M2 Laporan Akhir 2
M2 - Laporan Akhir 2
2. Buat program untuk mikrokontroler STM32F103C8 di software STM32 CubeIDE.
3. Compile program dalam format hex, lalu upload ke dalam mikrokontroler.
4. Setelah program selesai di upload, jalankan simulasi rangkaian pada proteus.
Rangkaian ini memanfaatkan mikrokontroler STM32F103C8T6 sebagai unit pengendali utama. Input berasal dari potensiometer yang disambungkan ke pin PA0 untuk membaca tegangan analog melalui modul ADC. Tegangan ini mencerminkan posisi putaran potensiometer dan digunakan untuk mengatur kecepatan motor DC serta mengontrol buzzer.
Motor DC dikendalikan menggunakan transistor BD139 yang berfungsi sebagai saklar elektronik. Basis transistor dihubungkan ke pin PA8 melalui resistor pembatas arus.

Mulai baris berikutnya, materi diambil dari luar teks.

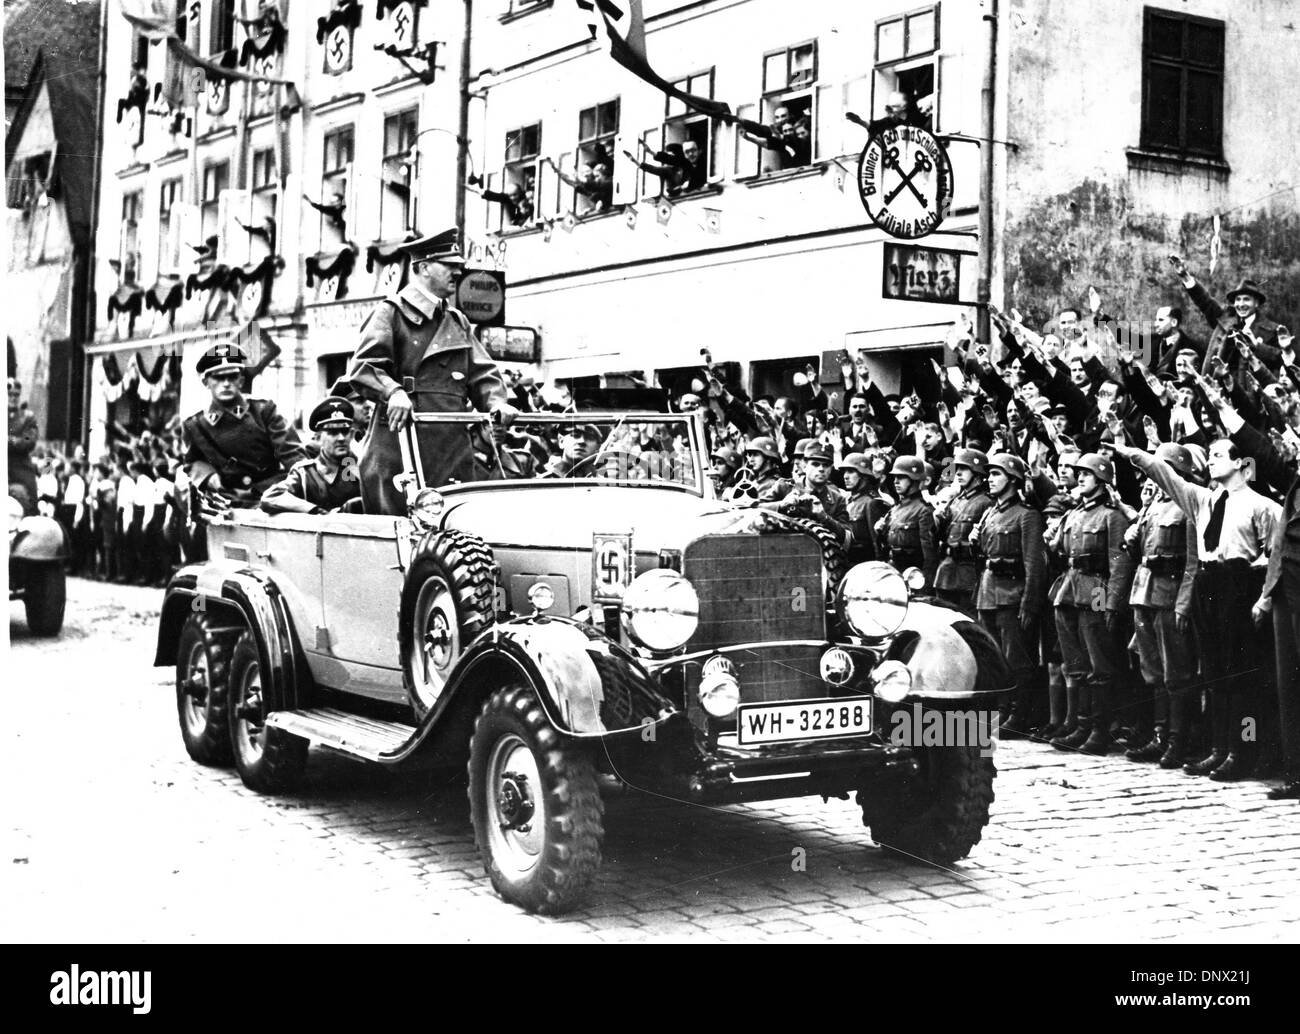 20 septembre 1938 - Sudètes, en Tchécoslovaquie - Adolf Hitler à cheval dans les rues de Sudètes. Adolf Hitler (20 avril 1889 ÐApril 30, 1945) a été le Führer und Reichskanzler (chancelier) et leader de l'Allemagne de 1933 à sa mort. Il était chef du parti national-socialiste des travailleurs allemands (NSDAP), mieux connu sous le nom de Parti nazi. (Crédit Image : © Keystone Photo Banque D'Images

Motor dikontrol dengan sinyal PWM (Pulse Width Modulation) yang berasal dari Timer 1, kanal 1 (TIM1_CH1). Duty cycle PWM disesuaikan berdasarkan nilai ADC dari potensiometer, sehingga kecepatan motor dapat berubah-ubah. Motor disuplai dari tegangan 5V, sementara transistor mengatur jalur ground-nya. Sebagai langkah pengaman, dioda D1 dipasang paralel dengan motor untuk melindungi transistor dari tegangan balik saat motor berhenti mendadak.
Untuk buzzer, kendali dilakukan melalui pin PA2, yang menghasilkan sinyal PWM dari Timer 2, kanal 3 (TIM2_CH3). Buzzer hanya aktif saat nilai ADC dari potensiometer berada di bawah ambang batas tertentu, yaitu kurang dari 1500.

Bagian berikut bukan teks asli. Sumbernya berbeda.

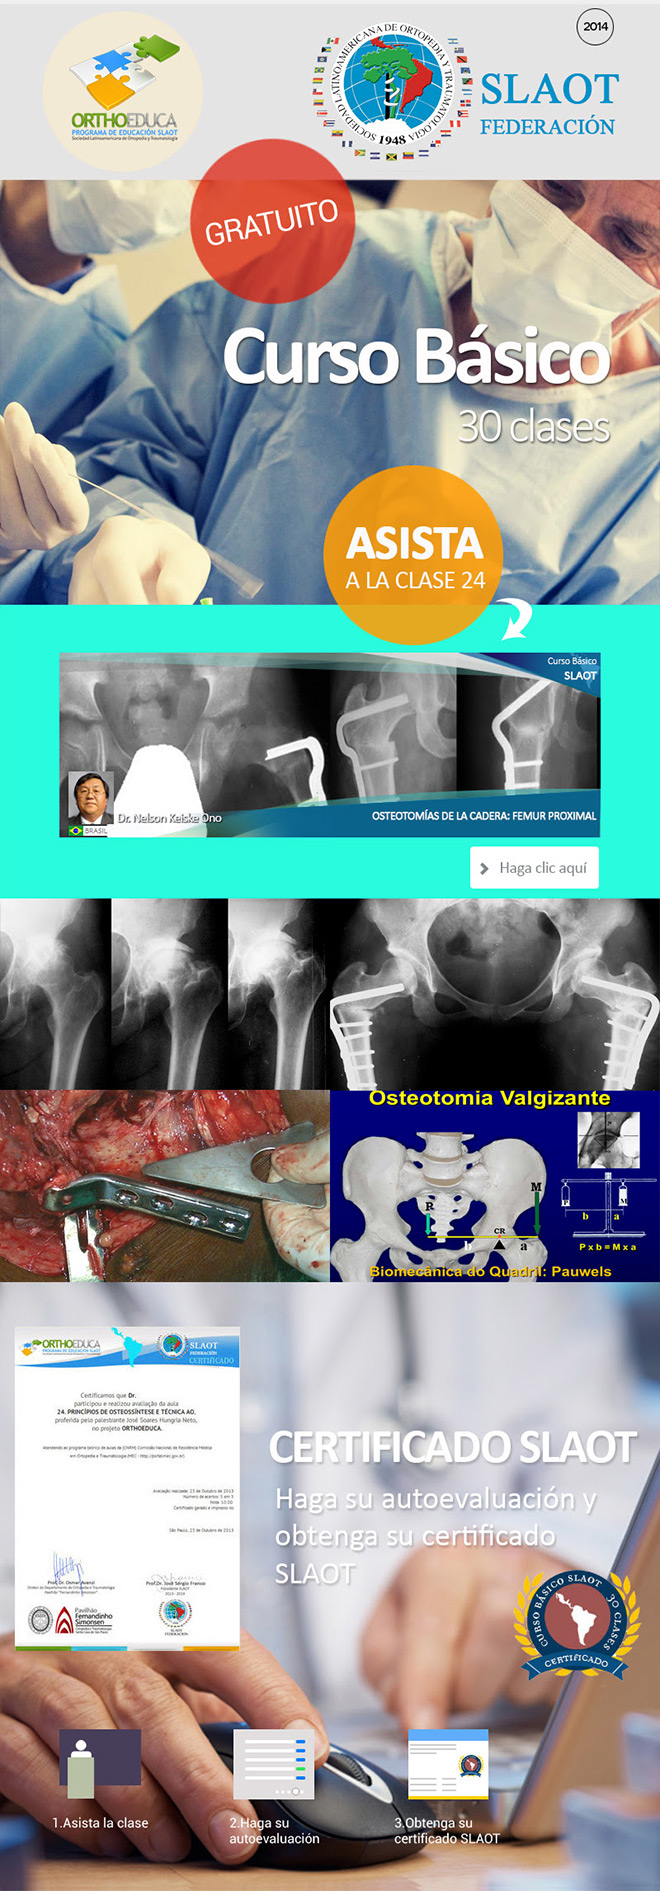 Asista a La Clase 24: Osteotomías de la Cadera: Femur Proximal

Rangkaian ini dikonfigurasikan menggunakan STM32CubeIDE, dengan pengaturan pin yang sesuai dengan desain rangkaian di Proteus. Timer 1 digunakan untuk menghasilkan sinyal PWM ke motor, dan Timer 2 untuk buzzer. Mode Serial Wire dipilih untuk debugging, serta sistem clock dikonfigurasi menggunakan kristal eksternal.

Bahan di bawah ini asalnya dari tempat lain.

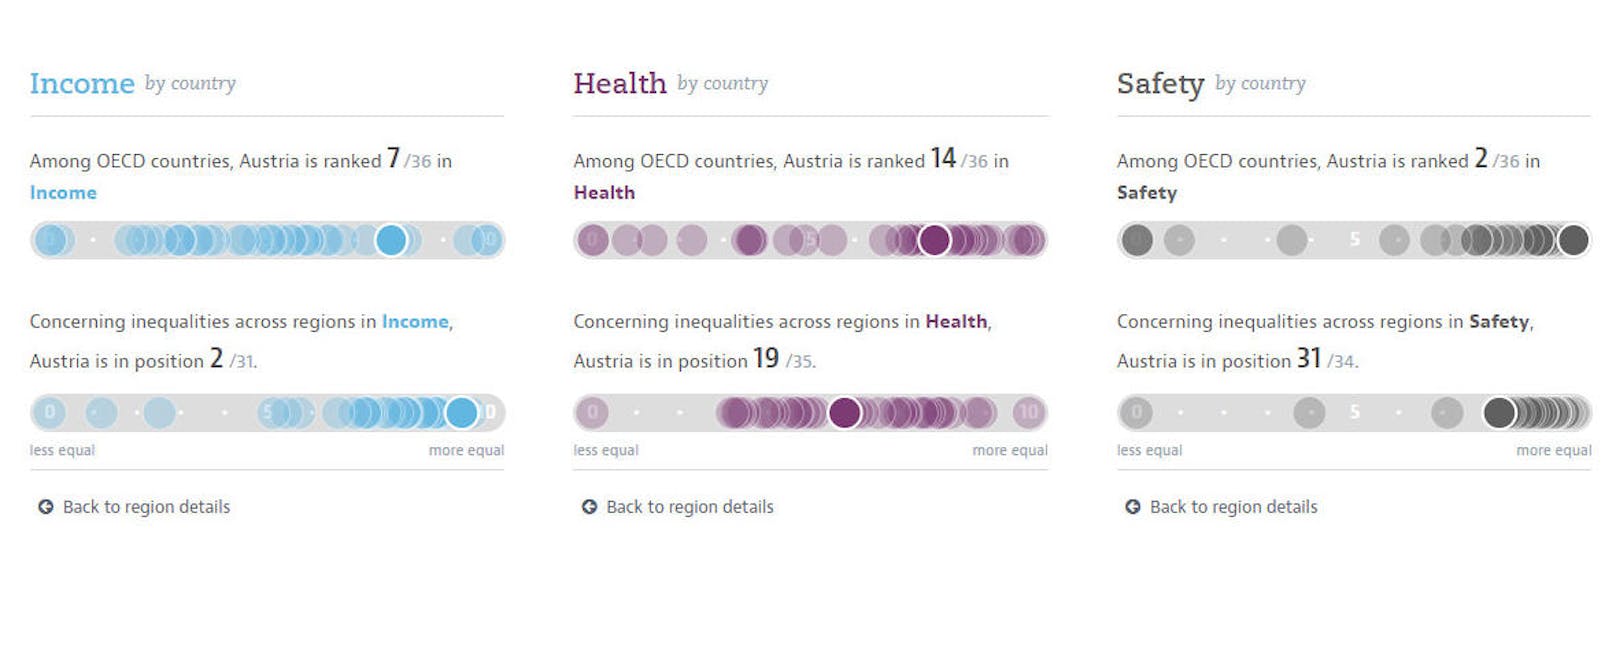 Österreich im Ländervergleich: Einkommen, Gesundheit und Sicherheit

Setelah seluruh konfigurasi selesai, program ditulis dengan HAL Library untuk inisialisasi sistem, GPIO, ADC, dan timer PWM. Dalam loop utama, nilai ADC dari potensiometer dibaca secara terus-menerus. Jika nilainya di bawah 2000, maka motor berputar dengan duty cycle 40% dan buzzer akan menyala. Jika nilainya di atas 3500, motor berputar dengan duty cycle 60% dan buzzer tidak aktif. Setelah program selesai, file .hex hasil kompilasi diunggah ke mikrokontroler untuk pengujian melalui simulasi di Proteus..
#include "main.h"
ADC_HandleTypeDef hadc1;
TIM_HandleTypeDef htim1;
TIM_HandleTypeDef htim2;
void SystemClock_Config(void);
static void MX_GPIO_Init(void);
static void MX_ADC1_Init(void);
static void MX_TIM1_Init(void);
static void MX_TIM2_Init(void);
int main(void)
{
HAL_Init();
SystemClock_Config();
MX_GPIO_Init();
MX_ADC1_Init();
MX_TIM1_Init();
MX_TIM2_Init();
/* USER CODE BEGIN 2 */
HAL_TIM_PWM_Start(&htim1, TIM_CHANNEL_1); // Motor PWM
HAL_TIM_PWM_Start(&htim2, TIM_CHANNEL_3); // Buzzer PWM
HAL_ADC_Start(&hadc1);
uint8_t buzzer_enabled = 1;
uint32_t last_buzzer_change = 0;
uint8_t buzzer_freq_index = 0;
const uint32_t buzzer_periods[] = {143999, 71999, 47999}; // Frekuensi berbeda
// Threshold (dari rendah → sedang → tinggi)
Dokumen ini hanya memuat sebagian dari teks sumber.